▶ **EXERCISE DETAILS**:
Omitting all images, set down every line below exactly as it appears.

▶ **DATASET EXTRACT**:
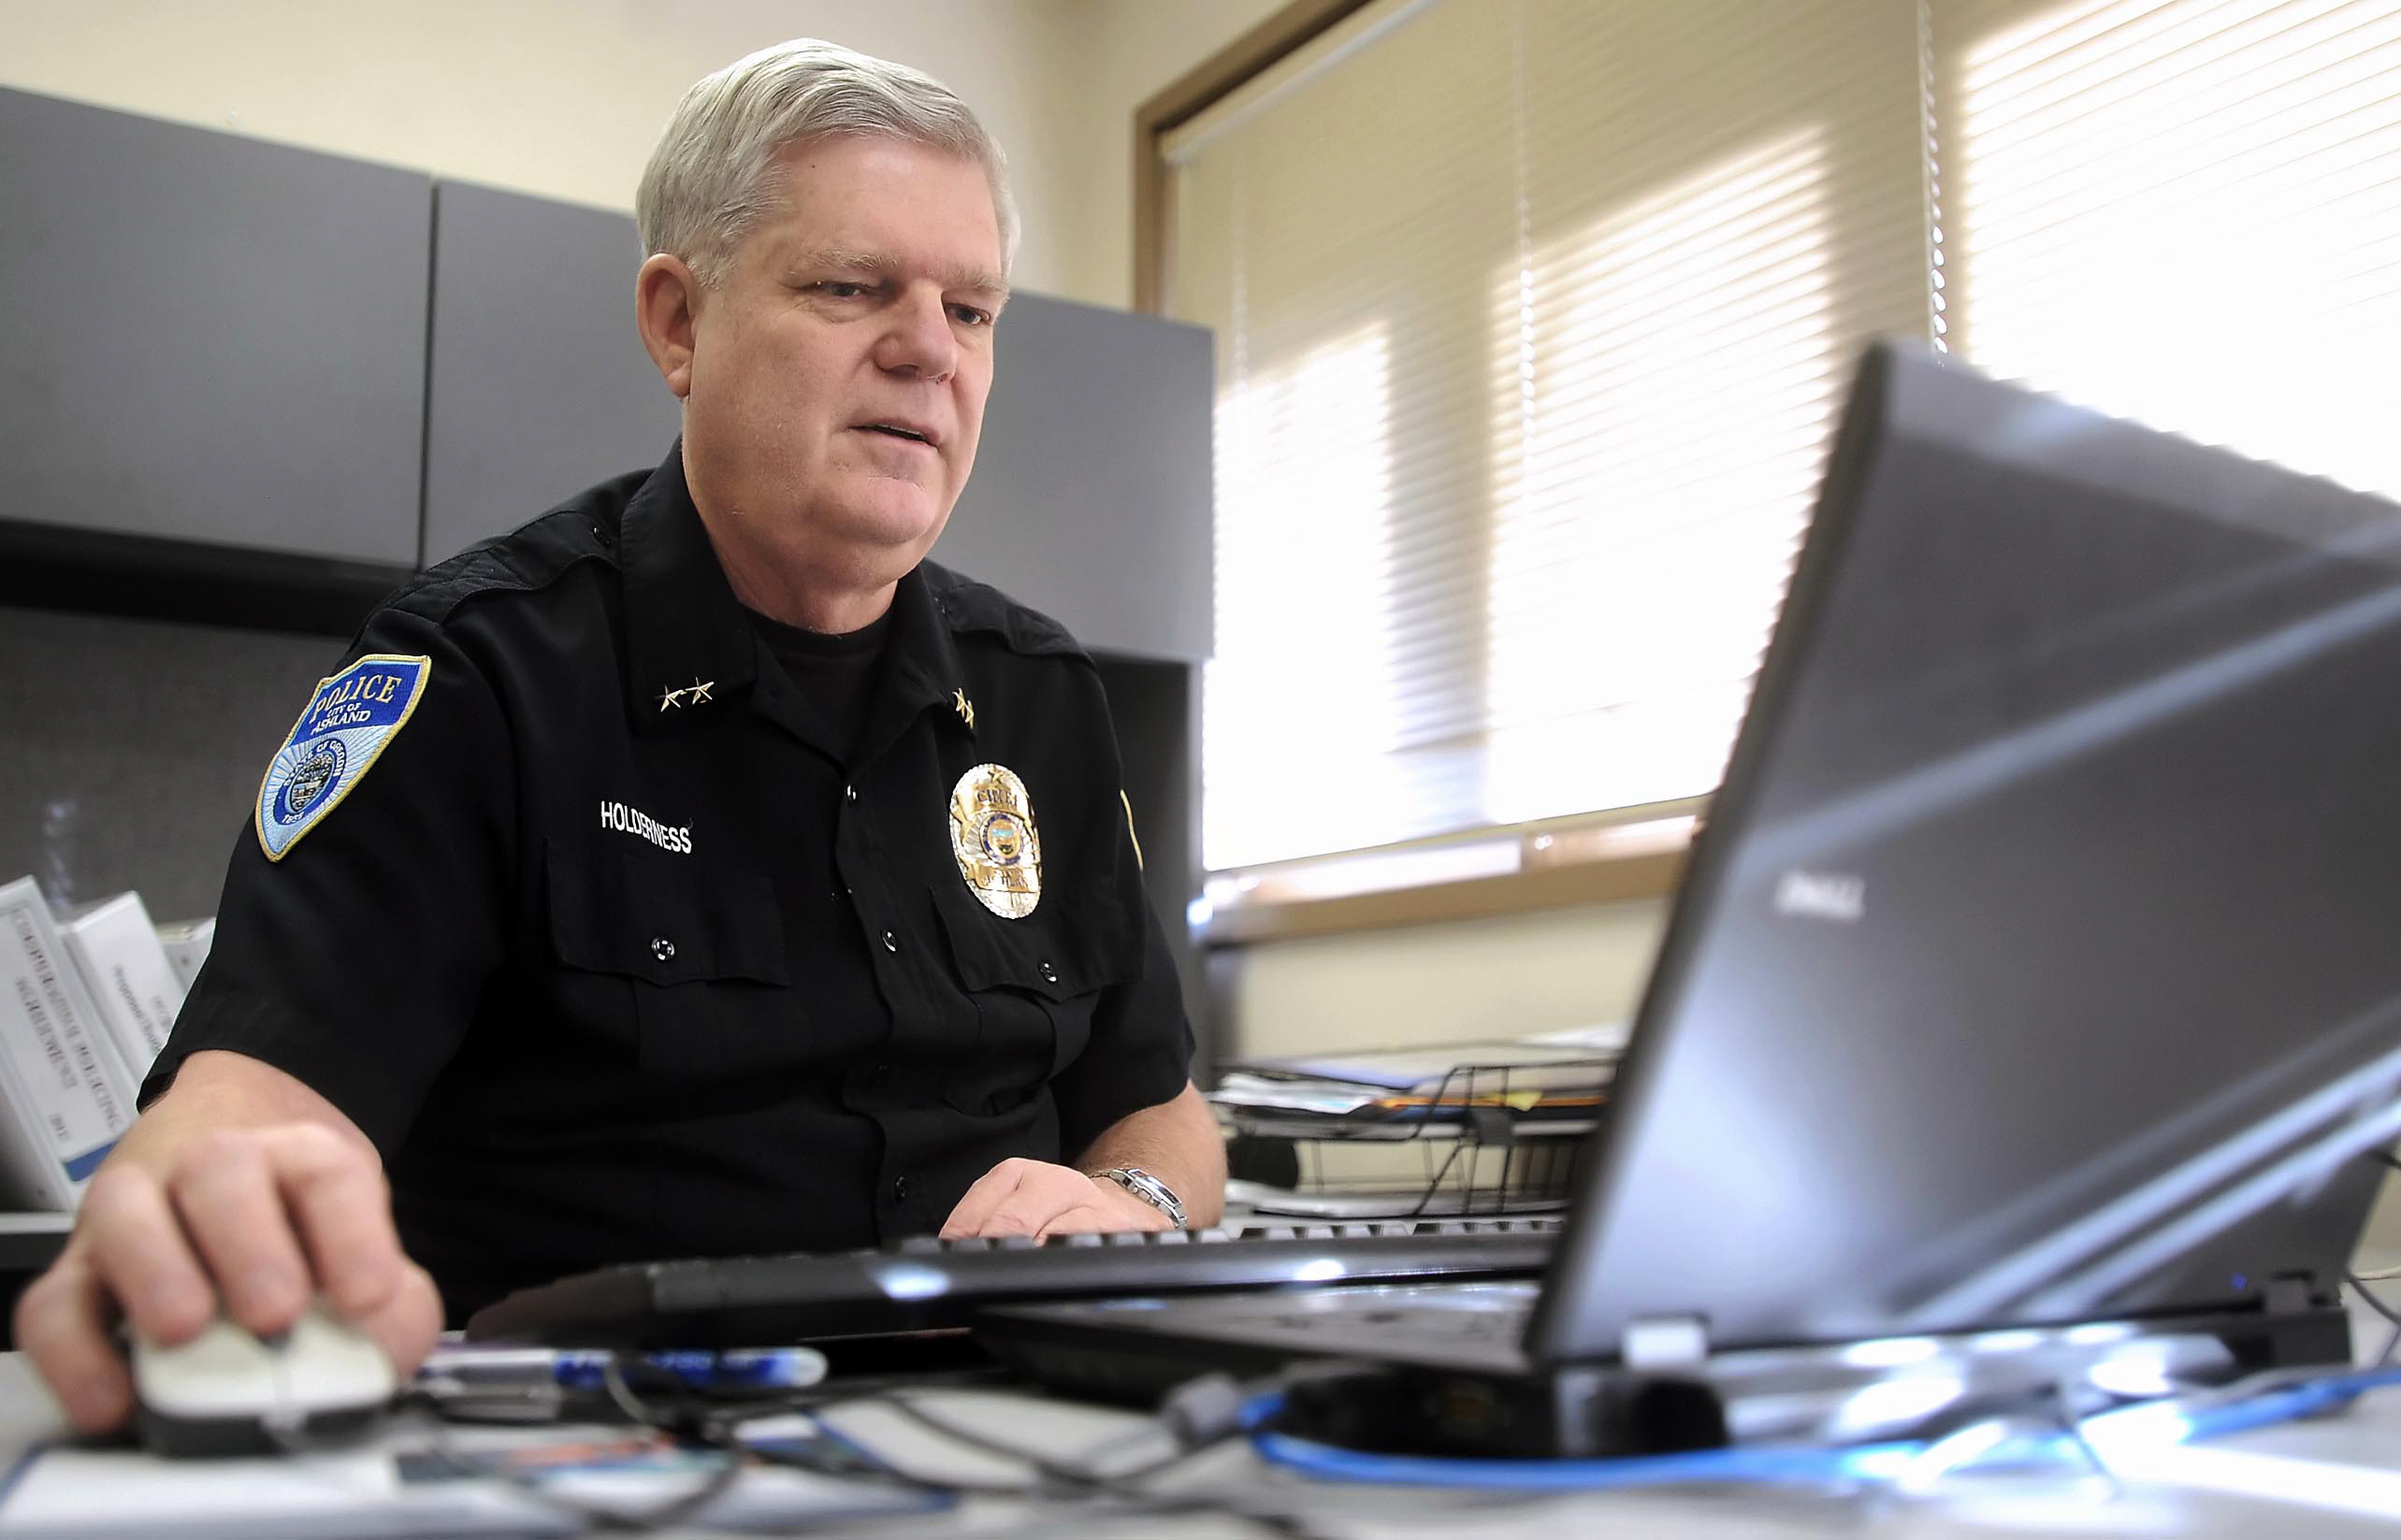 Julia Moore/The Medford Mail Tribune
Ashland police Chief Terry Holderness browses a new website that will encourage sexual assault victims to report attacks once it goes live in January in Ashland, Ore.
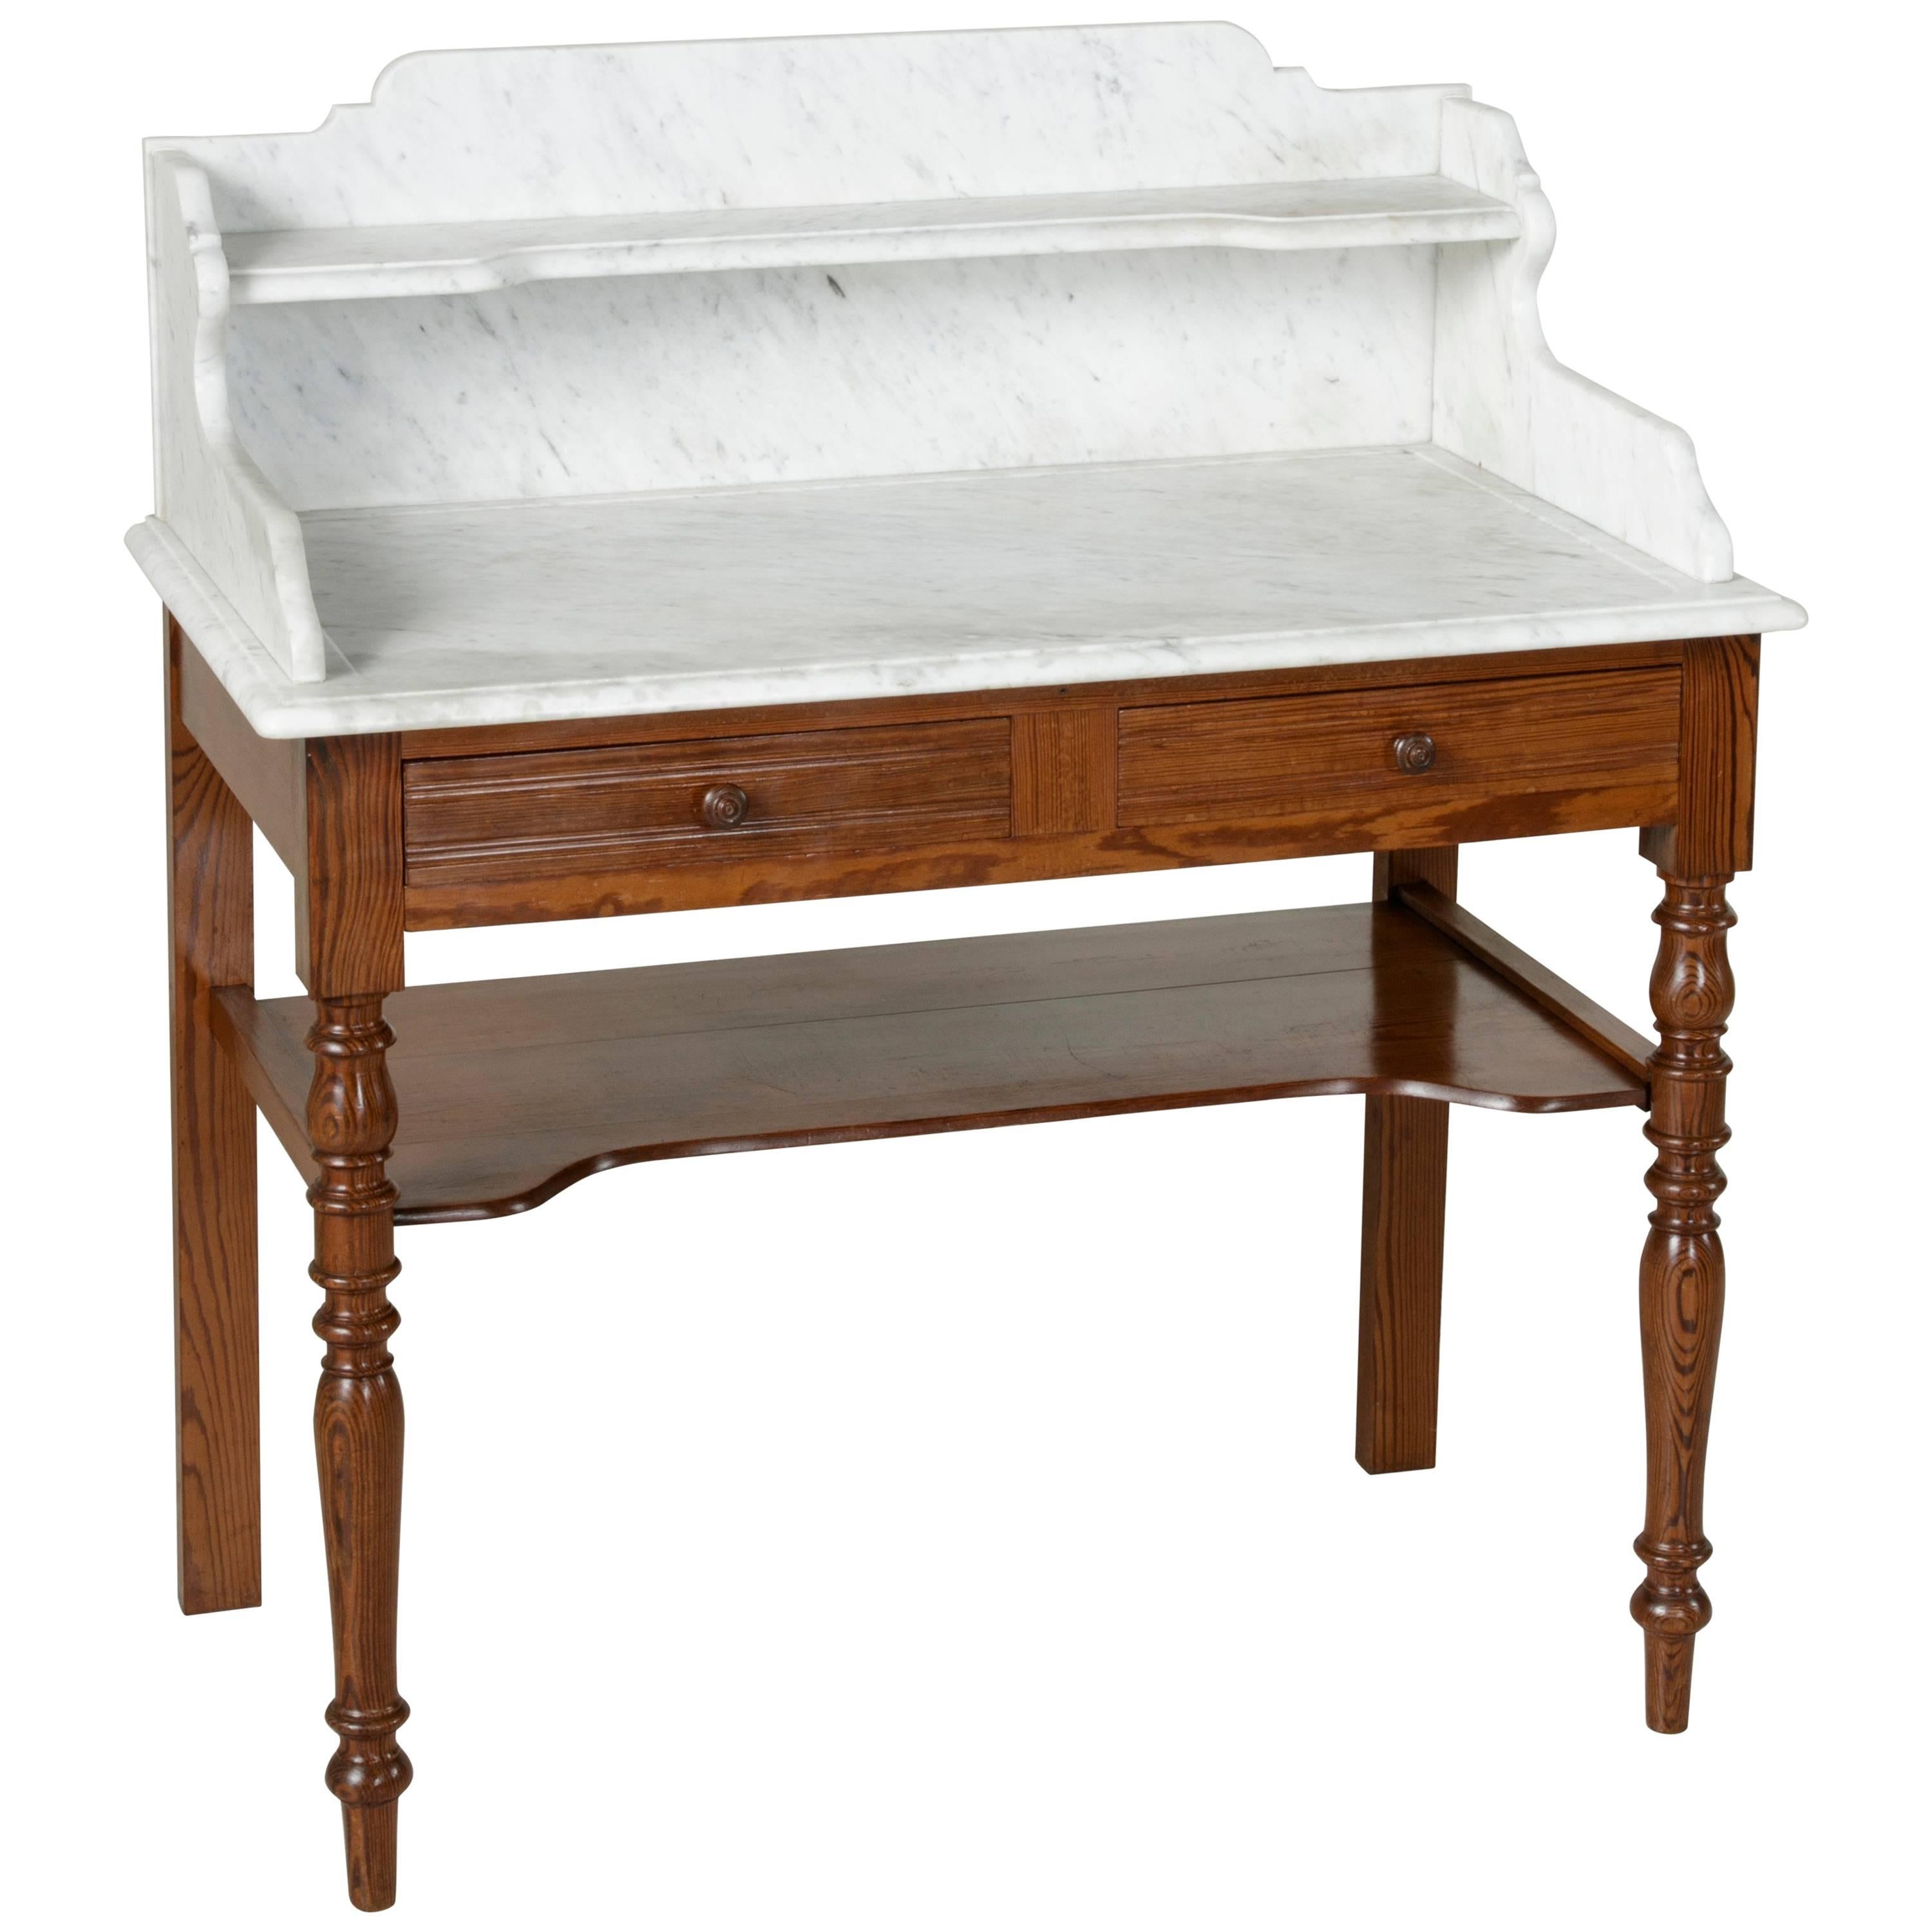 French Pitch Pine Vanity Table Work Table with Carrara Marble Top, circa 1900

▶ **WRITTEN ANSWER**:
 Julia Moore/The Medford Mail Tribune
Ashland police Chief Terry Holderness browses a new website that will encourage sexual assault victims to report attacks once it goes live in January in Ashland, Ore.
 French Pitch Pine Vanity Table Work Table with Carrara Marble Top, circa 1900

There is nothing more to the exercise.